What is Lockheed Martin doing with dealing with claims for veterans? Is this more of the outsourcing we saw that failed our veterans? Walter Reed was outsourced and we saw what our wounded troops had to deal with. What other claims are being done by contractors instead of government employees and who gave the administration the right to outsource these services? Congressman Finler is upset over US flags being made in China but he should be more upset over a defense contractor deciding the fate of our veterans!

Report: 8,763 vets died waiting for benefits

By William H. McMichael - Staff writer
Posted : Tuesday Jul 15, 2008 14:56:15 EDT

The title of the House committee report sums up what happened: “Die or Give Up Trying: How Poor Contractor Performance, Government Mismanagement and the Erosion of Quality Controls Denied Thousands of Disabled Veterans Timely and Accurate Retroactive Retired Pay Awards.”

The report by the majority staff of the House Oversight and Government Reform domestic policy panel, released Tuesday, concluded that at least 28,283 disabled retirees were denied retroactive pay awards because rushed efforts to clear a huge backlog of claims led program administrators to stop doing quality assurance checks on the claims decisions.

And of the original 133,057 potentially eligible veterans, 8,763 died before their cases could be reviewed for retroactive payments, according to the report.

At issue are the Concurrent Retirement and Disability Payments and Combat-Related Special Compensation programs, approved by Congress in 2003 and 2004 to allow large numbers of disabled retirees to receive full concurrent military retirement pay and veteran’s disability compensation.

In February, the backlog was said to be “more than 39,000” cases.

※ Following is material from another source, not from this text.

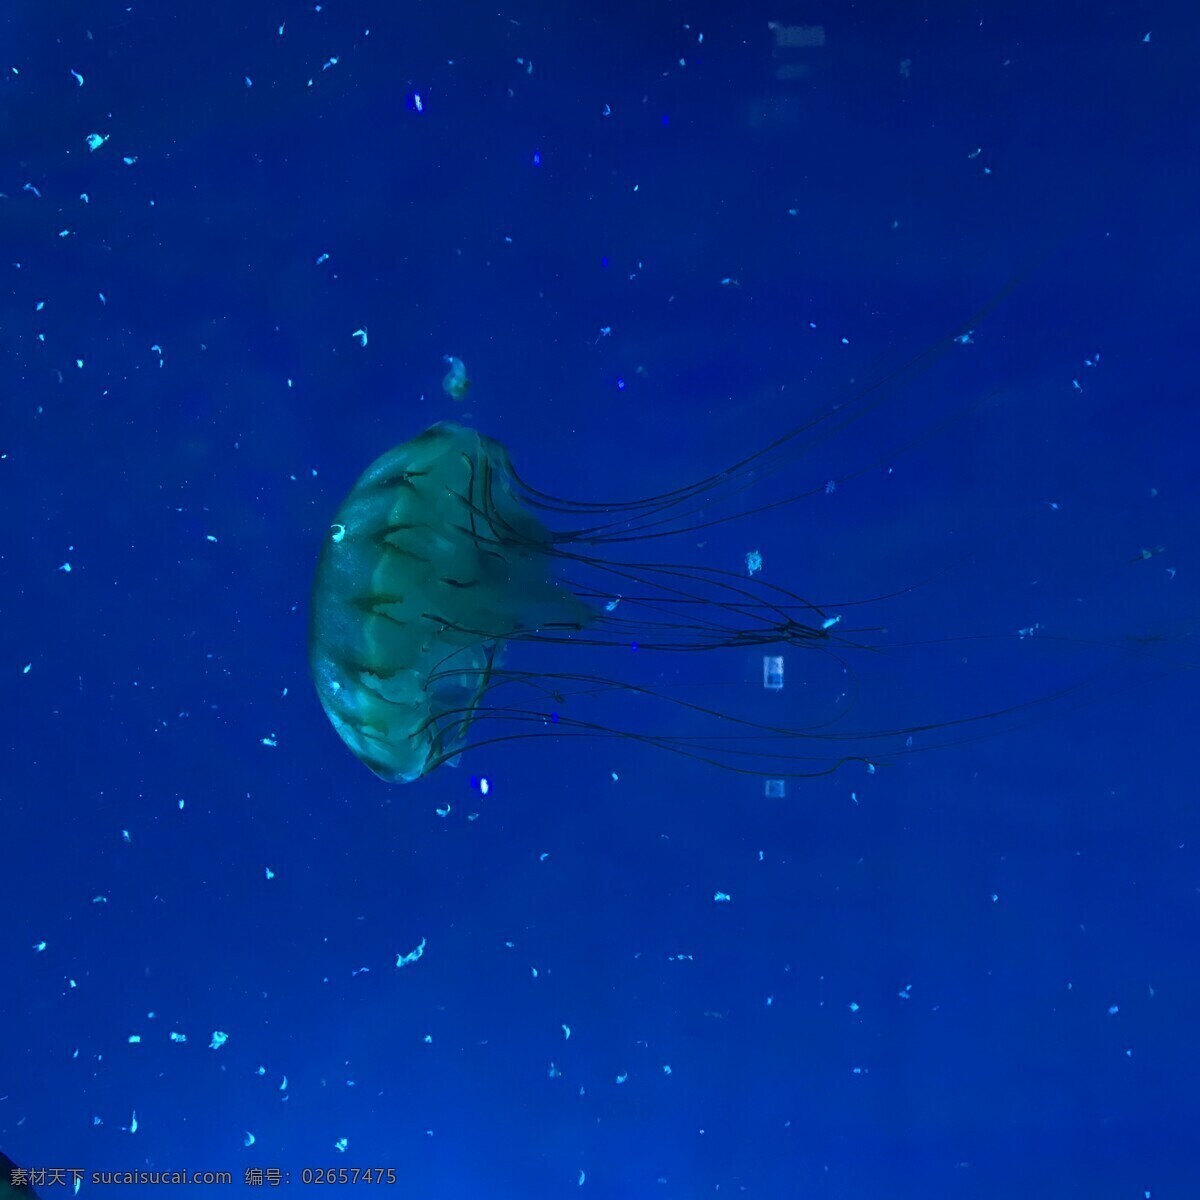 水母 水 鱼 海 深 自然 海洋 潜水藻类 插图 热带 野生动物 生物 生命 水下 夏天 背景 游泳 紫色 海洋世界 水族馆 动物 生物世界 海洋生物 摄影图

Jonas said she had been assured that the backlog would be cleared by April.

That did not happen, according to the subcommittee report, because Lockheed Martin, the contractor hired in July 2006 to compute the complex retroactive pay awards, had difficulty making the computations fast enough to eliminate the backlog quickly. The complexity of the computations also hindered Lockheed Martin’s ability to develop software to automate the process.